Macron, who met with ProLogium chief executive officer Vincent Yang (楊思枬) at the start of the vetting process, was yesterday due to officially announce the 5.2 billion euros (US$5.7 billion) investment in Dunkirk.
ProLogium executive vice president Gilles Normand said that after Macron, a former investment banker, pitched Yang more than a year ago, French Minister of Finance Bruno Le Maire followed up and helped make the company’s case with the European Commission for EU financial incentives.
“There was then the realization that there might be some interesting possibilities, which was maybe a little bit different from the cliches about France,” Normand told reporters.

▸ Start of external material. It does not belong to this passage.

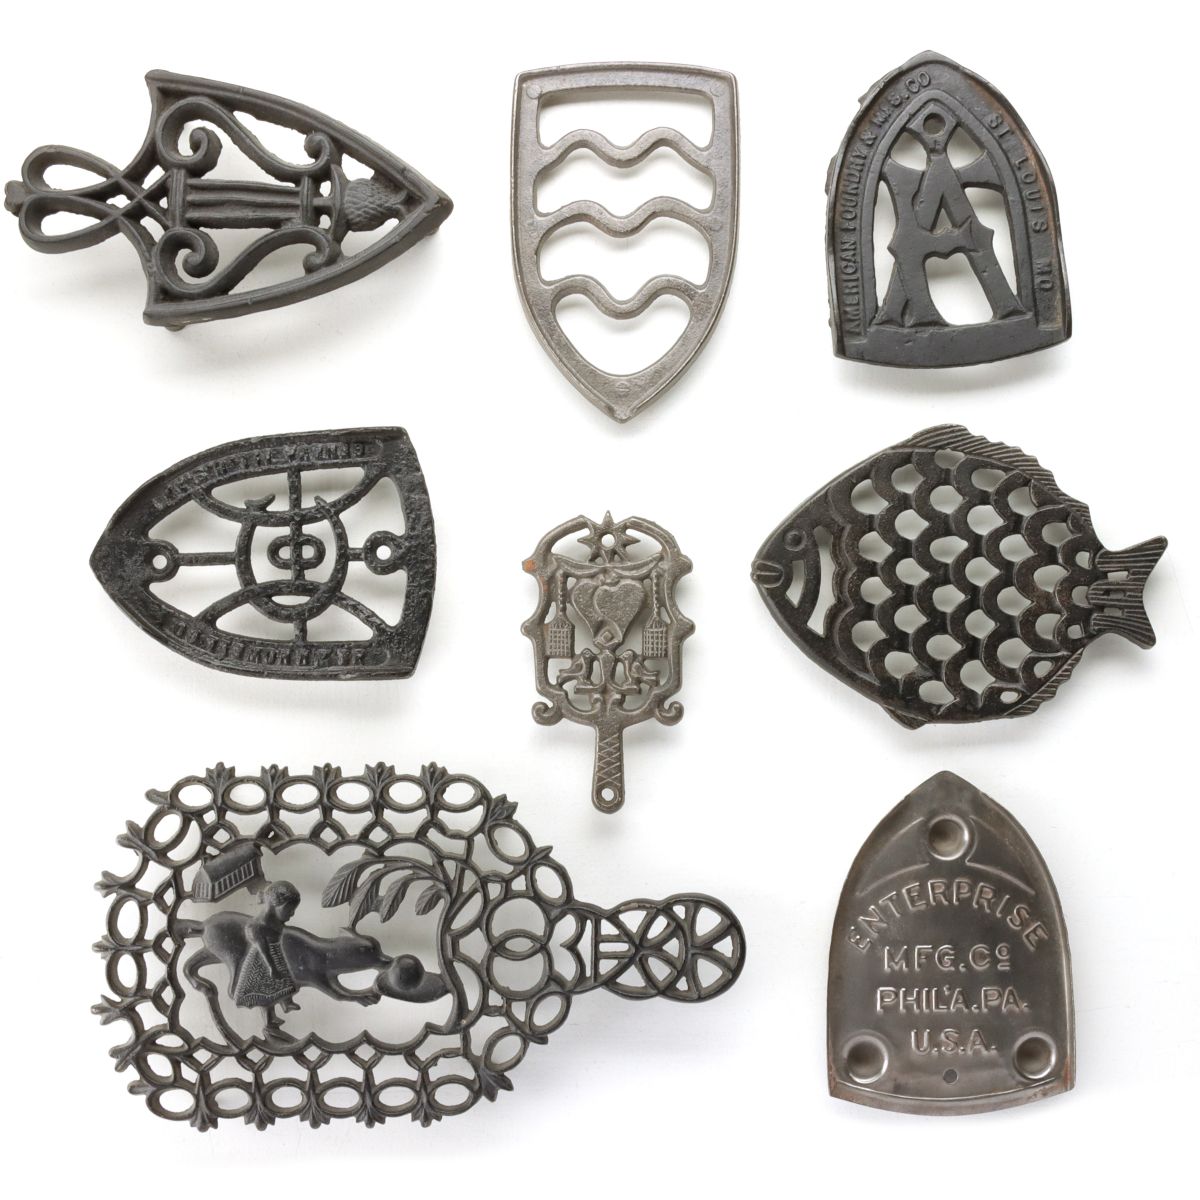 A COLLECTION OF FANCY PRESSING IRON TRIVETS
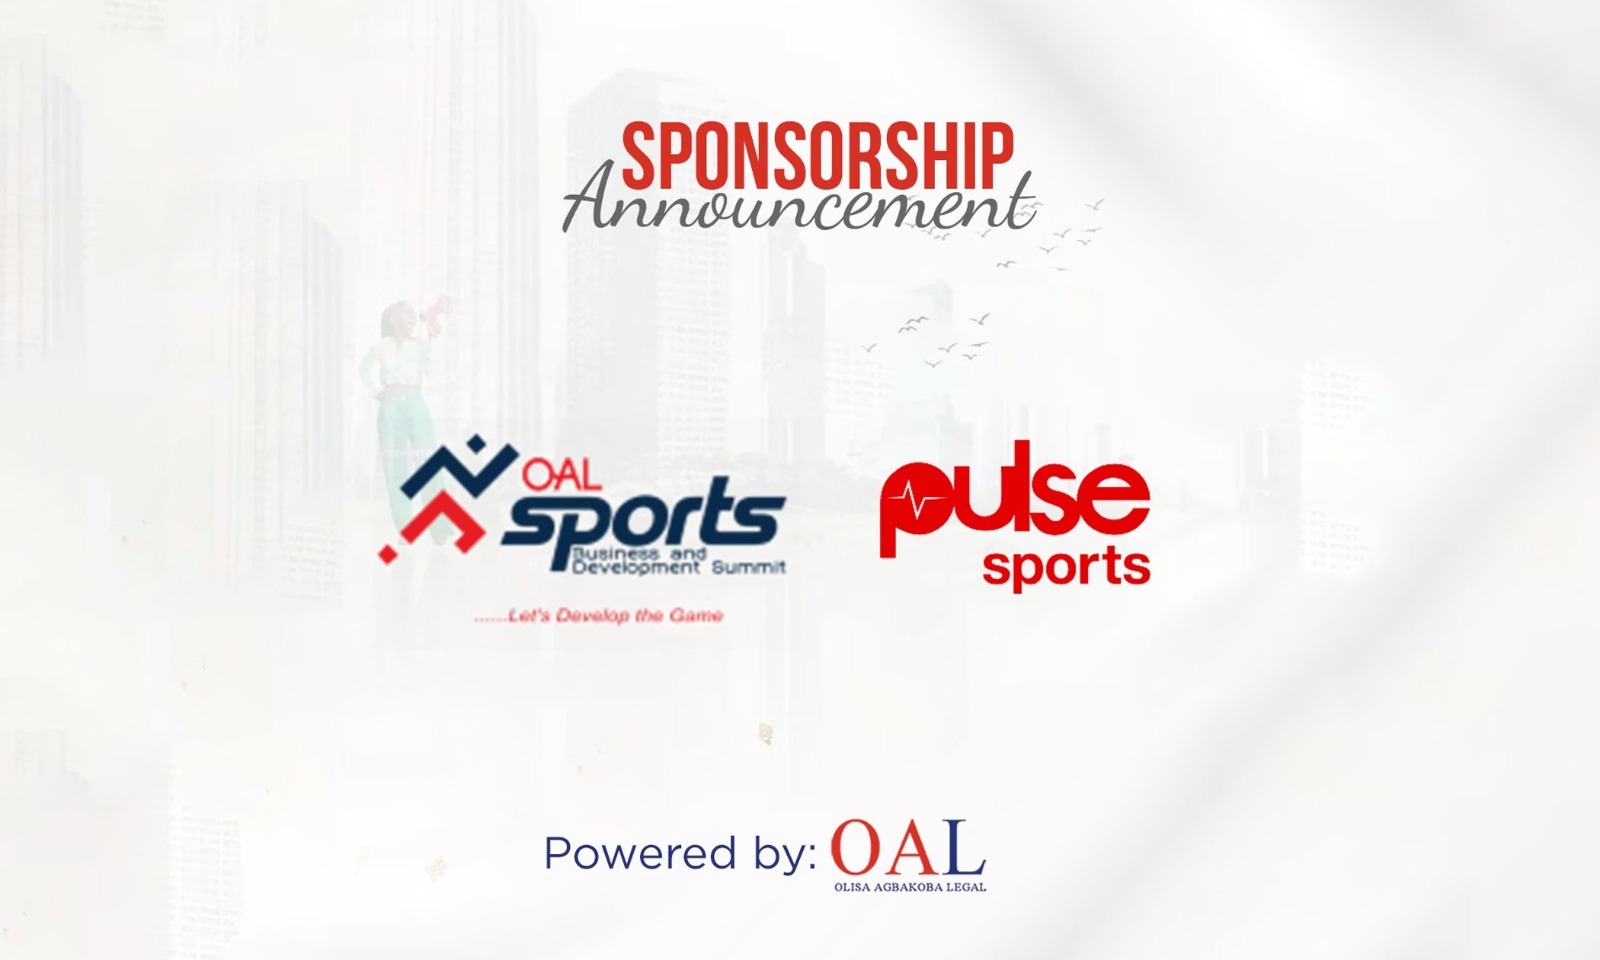 OAL partnership with Pulse Sports Nigeria

ProLogium expects the project to create 3,000 jobs directly, and four times as many indirectly.
The emergence of an industrial cluster around the three battery plants already in the works was in itself an attraction, offering a critical mass of material suppliers and skilled workers, Normand said.
Also playing in France’s favor was its competitively priced zero-carbon electricity, produced by one of the biggest fleets of nuclear plants in the world, but also increasingly by offshore wind farms and solar.
Normand added that the government sweetened the deal with an incentives package, but could not give details while further subsidies were under review at the European Commission.
Macron’s government is eager to use the recent relaxation of EU state aid rules to offer tax breaks and other subsidies to encourage investment in green technologies.
He on Thursday announced that the government would offer a tax credit worth up to 40 percent of a company’s capital investment in wind, solar, heat-pump and battery projects.